I’m not too torn up about it, though. My goal was not to make a particularly nice or fully featured port of Doom. The speed is problematic, I hardcoded the shareware doom1.wad as the only supported level, you can’t save the game, and it crashes when you try to pick up the shotgun. But it does its job: it demonstrates the maturity of the kernel’s features thus far and provides good feedback on the API design and real-world utility.
If you’d like to try it, you can download a bootable ISO here:
https://mirror.drewdevault.com/doom.iso
You can run it on qemu like so:
$ qemu-system-x86_64 -m 1G -no-reboot -no-shutdown \
-drive file=doom.iso,format=raw \
-display sdl \
-chardev stdio,id=char0 \
-serial chardev:char0
Enter to start, WASD to move, right shift to fire, space to open doors.
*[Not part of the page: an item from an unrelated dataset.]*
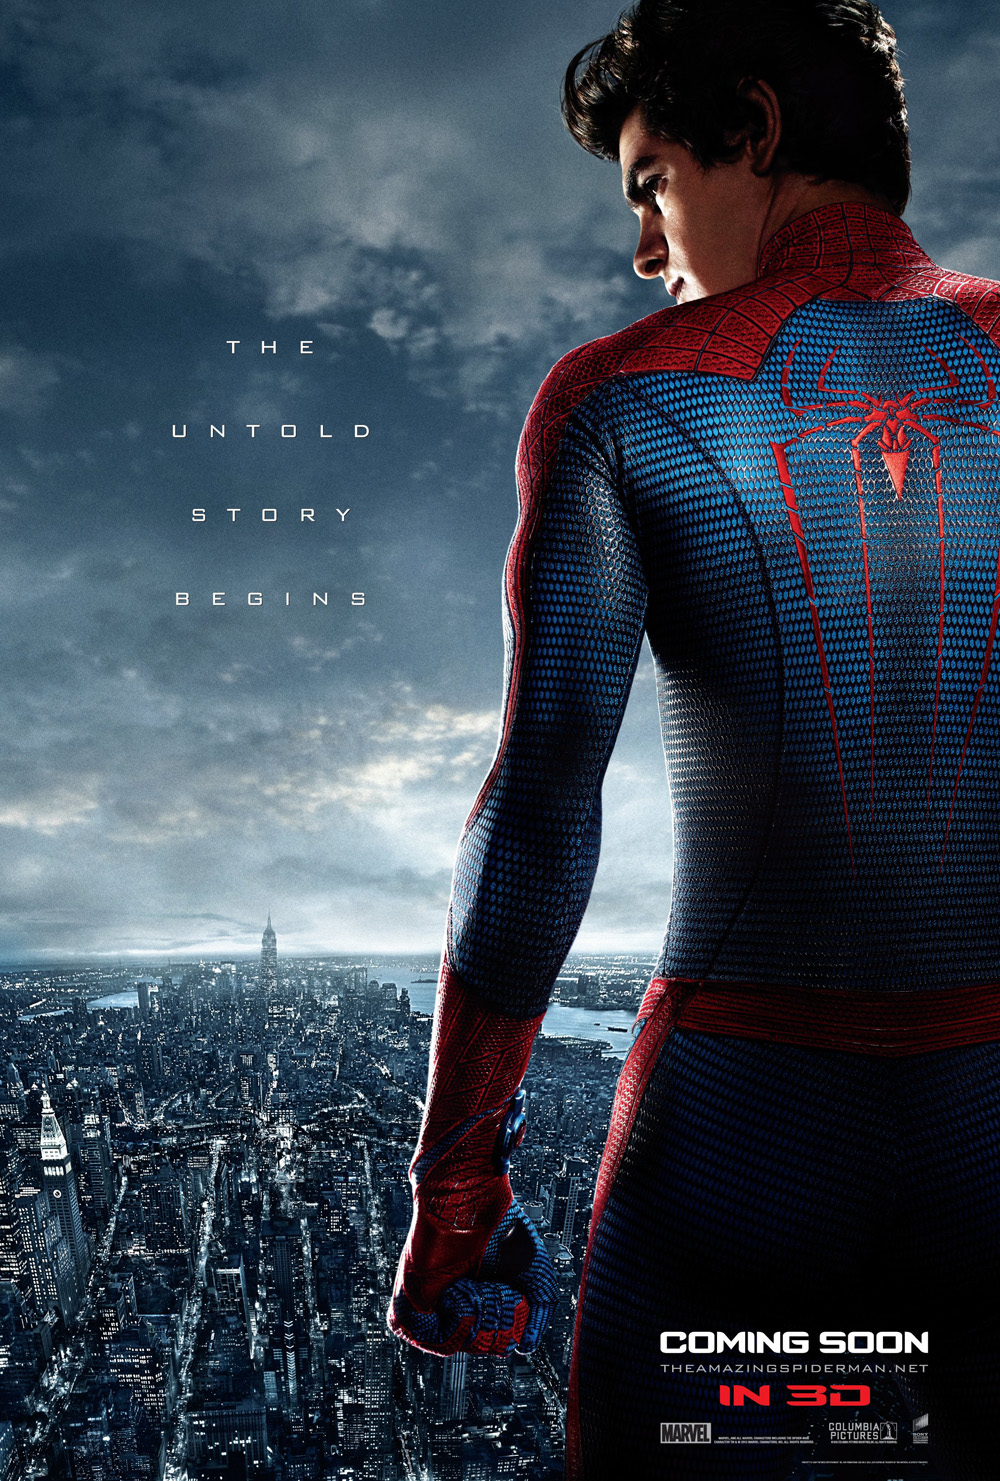 3rd trailer of "The Amazing SpiderMan" hits the web! LionhearTV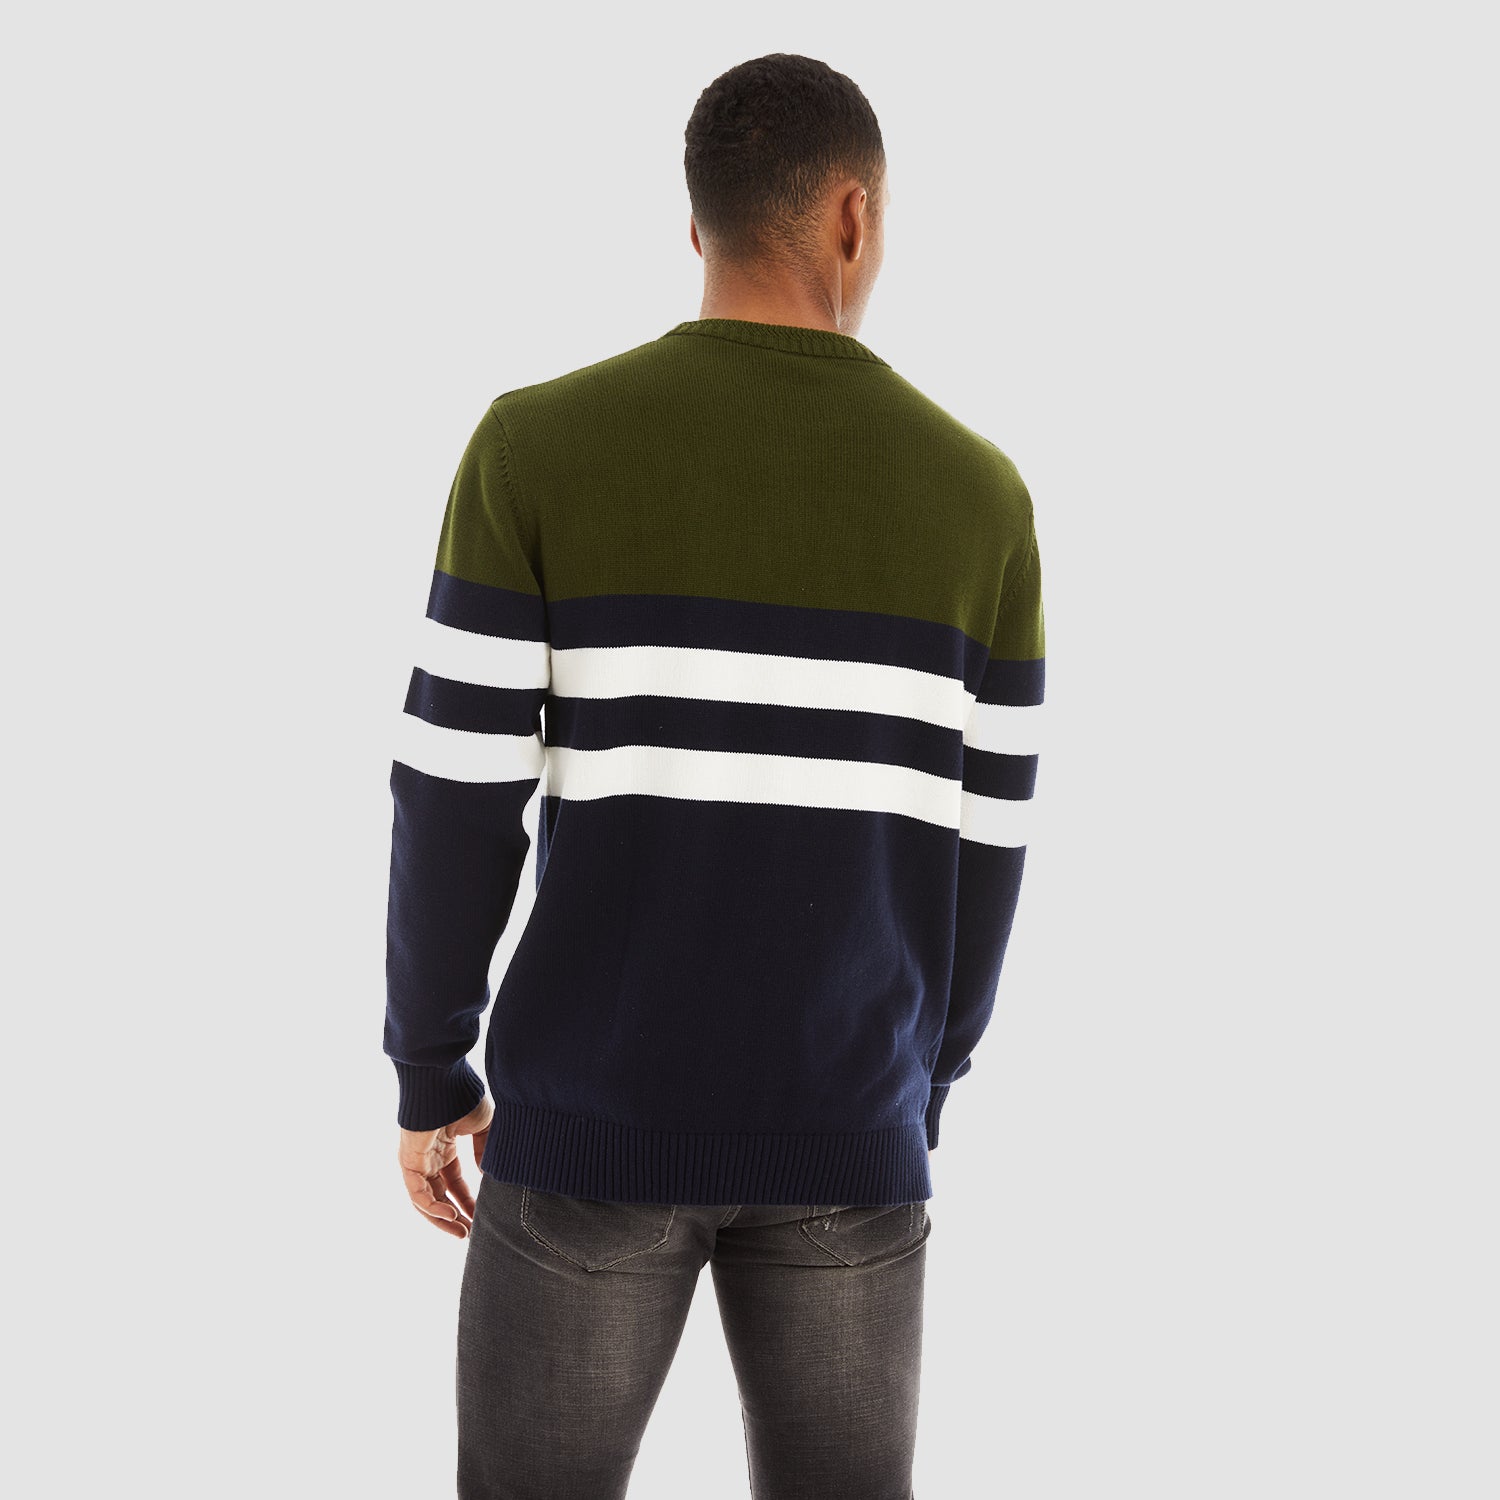 Men's Crewneck Sweater Soft Thermal Knitted Sweatshirt Color Block Striped

It might work on real hardware, but the framebuffer stuff is pretty hacky and not guaranteed to work on most stuff, and the PS/2 keyboard driver will only work with a USB keyboard if you have legacy USB emulation configured in your BIOS, and even then it might not work well. YMMV. It works on my ThinkPad X230. Have fun!